Spinelli's lip lifted in a sardonic quirk. He sniggered. "Say, are you a dick?" he asked. "You're a funny one. Well, we live and learn. Fortune telling—" He sniggered again.
"The taroc pack, inspector," Dr. Fell continued equably, "is supposed to be of Egyptian invention. But this card has the design of the French taroc, Which dates back to Charles VI and the origin of the playing card. Out of the seventy-eight cards, twenty-two are called major arcana and fifty-six minor arcana. I needn't tell you such a pack, or even the knowledge of it, is very rare. The minor arcana are divided into four series, like the clubs, diamonds, hearts, and spades; but in this case called…?"
"Rods, cups, pence, and swords," said Spinelli, examining his finger nails. "But what I want to know is this: Where did you get that card? Was it Depping's?"
Dr. Fell picked it up. He went on: "Each card having a definite meaning. I needn't go into the method of fortune telling, but you'll be interested in the significance… Question for question, Mr.
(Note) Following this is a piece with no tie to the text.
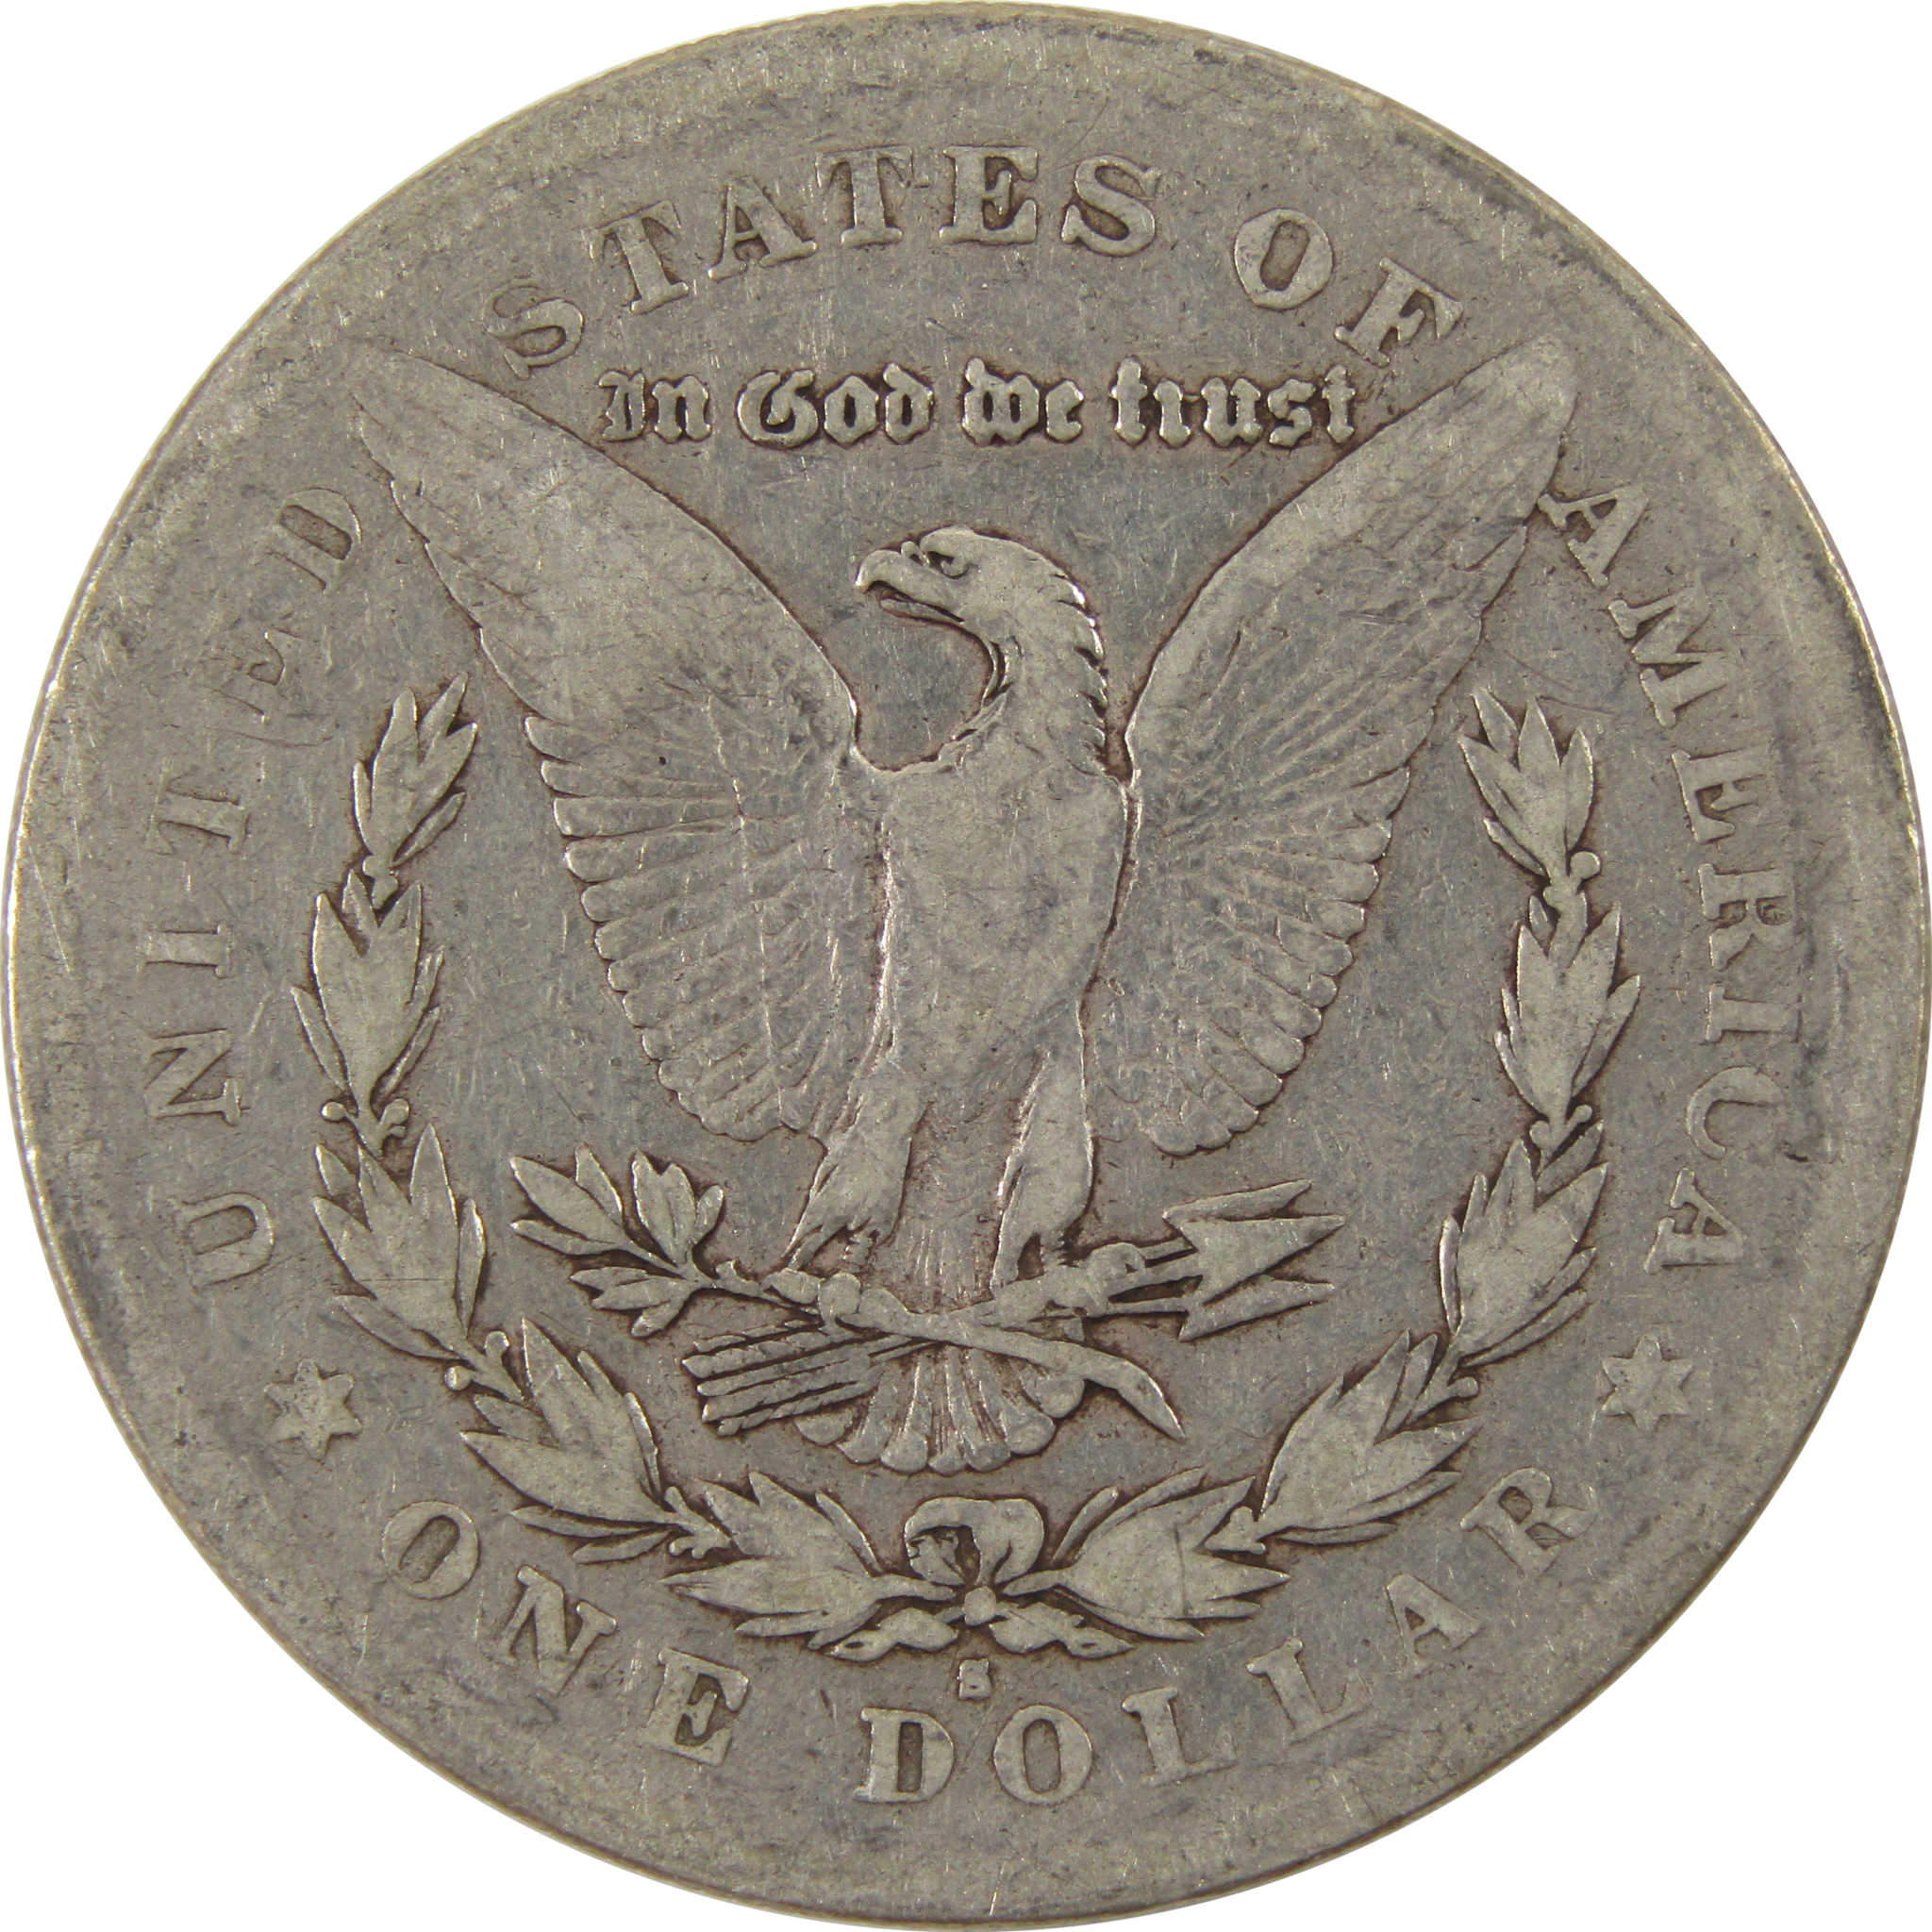 1879 S Rev 78 Morgan Dollar VG Very Good 90% Silver $1 Coin SKU:I8001 - Morgan coin - Morgan silver dollar - Morgan silver dollar for sale - Profile Coins &amp; Collectibles

Spinelli. Did Depping ever possess a taroc pack?"
"He did. Designed it himself, from somebody's manual. And paid about a grand to have it turned out by a playing-card company. But that card didn't come from it… unless he made a deck for himself. I'm asking you, where did you get it?"
"We have reason to believe that the murderer left it behind, as a sort of symbol. Who knows about high magic in the wilds of Gloucestershire?" mused Dr. Fell.
Spinelli looked straight in front of him. For an instant Hugh Donovan could have sworn the man saw something. But he only sniggered again.
"And that card means something?" Murch demanded.
"You tell him," Dr. Fell said, and held it up. The American relished his position. He assumed a theatrical air; glanced first to one side and then the other. "Sure I can tell you, gentlemen. It means he got what was coming to him. The eight of swords— Condemning justice. It put the finger on old Nick Depping, and God knows he deserved it."
CHAPTER XIII
Bullet-Proof
Again they were all locked up with their own thoughts, because each new development seemed to lead the case in a different direction; and each box opened up like a magician's casket, to show only another box inside the last. It was growing hot and stuffy in the library. Somewhere in the house a clock began to strike. It had finished banging out the hour of nine before Dr. Fell spoke again.